Texts, Sex, and Media Freakouts

As I spent a few minutes this morning updating my Twitter, I was alarmed to see a post that a friend of mine had retweeted from The Atlantic:
What’s that?  Texting no longer only represents a way for teens to ignore their parents at the dinner table and run up the phone bill, it now leads to sex and drugs?  The horrors of new technology!  Clicking on the link in this tweet leads to a short article on theatlantic.com, with a similar title: “Hyper-texting Teens Have More Sex, Do More Drugs,” (Interesting subtle switch by the way.  I wonder which headline inspires more horrified reactions from parents.)

After the explosive title, I was pleased and rather surprised to find that the second sentence of the article presents a very rational follow-up:

“The study, led by Dr.

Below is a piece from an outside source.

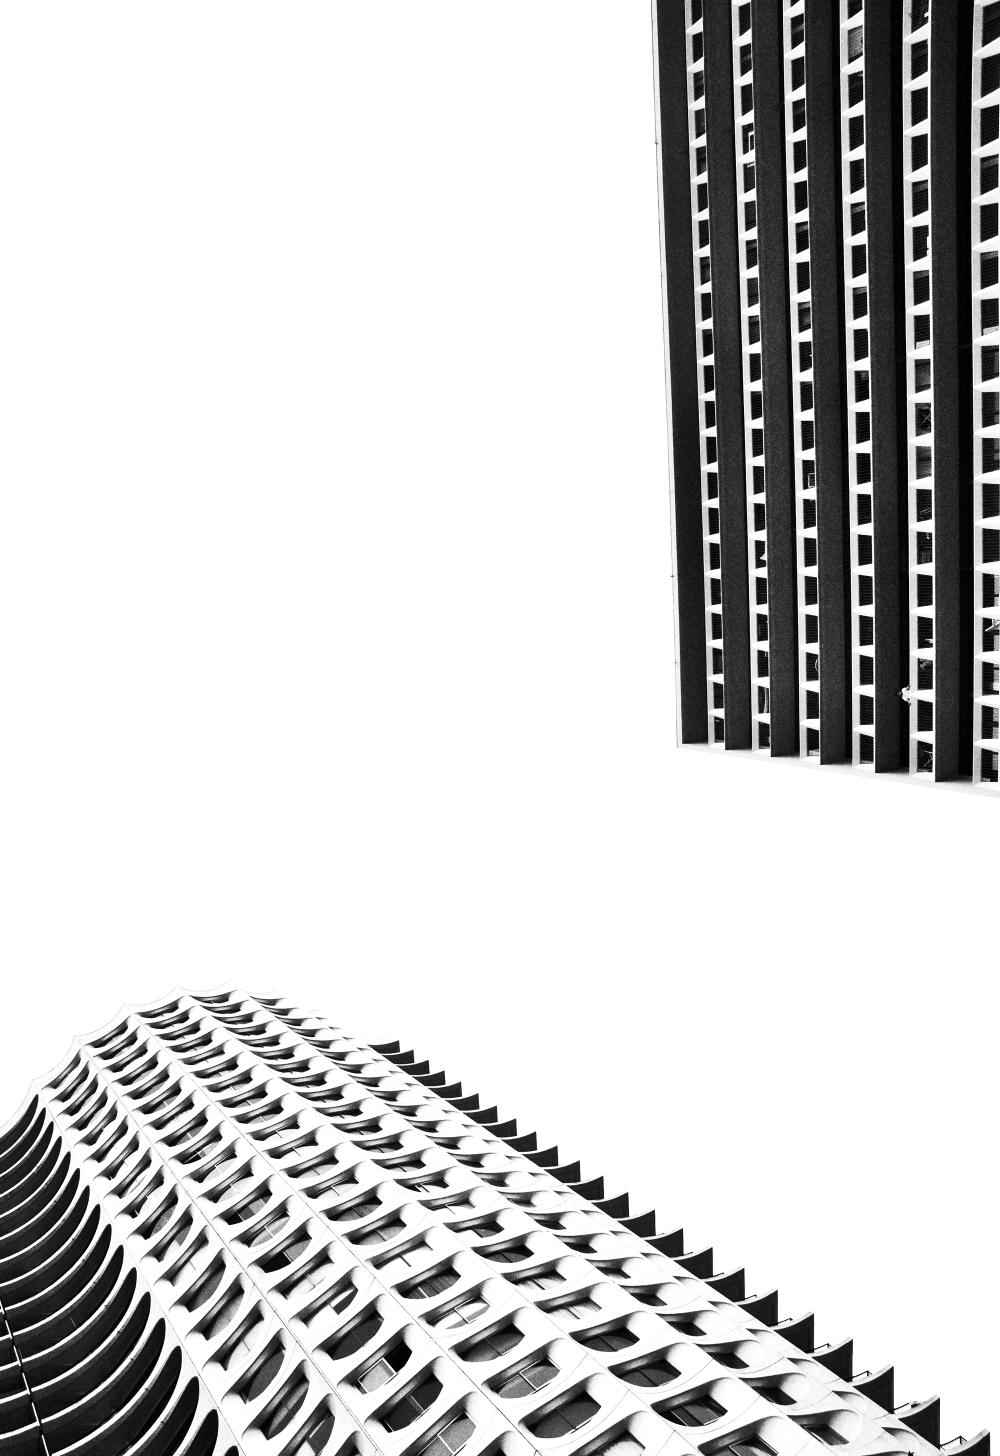 Géométrie architecturale #1

Scott Frank, a professor of epidemiology and biostatistics at Case Western Reserve University, doesn’t suggest that texting leads to sex; it just points out that there is a relationship between the two.”

Despite this important point, I was still upset by the extent to which The Atlantic relied upon sensationalism to draw reader attention.  Let’s compare the title of this article with the original article available at the Associated Press.  This article is titled “Texting Teens: Sex and Drug Use More Common in Hyper-Texting Teens.” Redundancies aside, I much prefer this title, which acknowledges the correlational, not causal, nature of data.  Not all hyper-texting teens are having more sex and doing more drugs, and I am willing to bet that excessive texting isn’t single-handedly causing the trend of risky behavior (Whether or not texts are being used to initiate sexual behavior or organizing drug deals is another question altogether.)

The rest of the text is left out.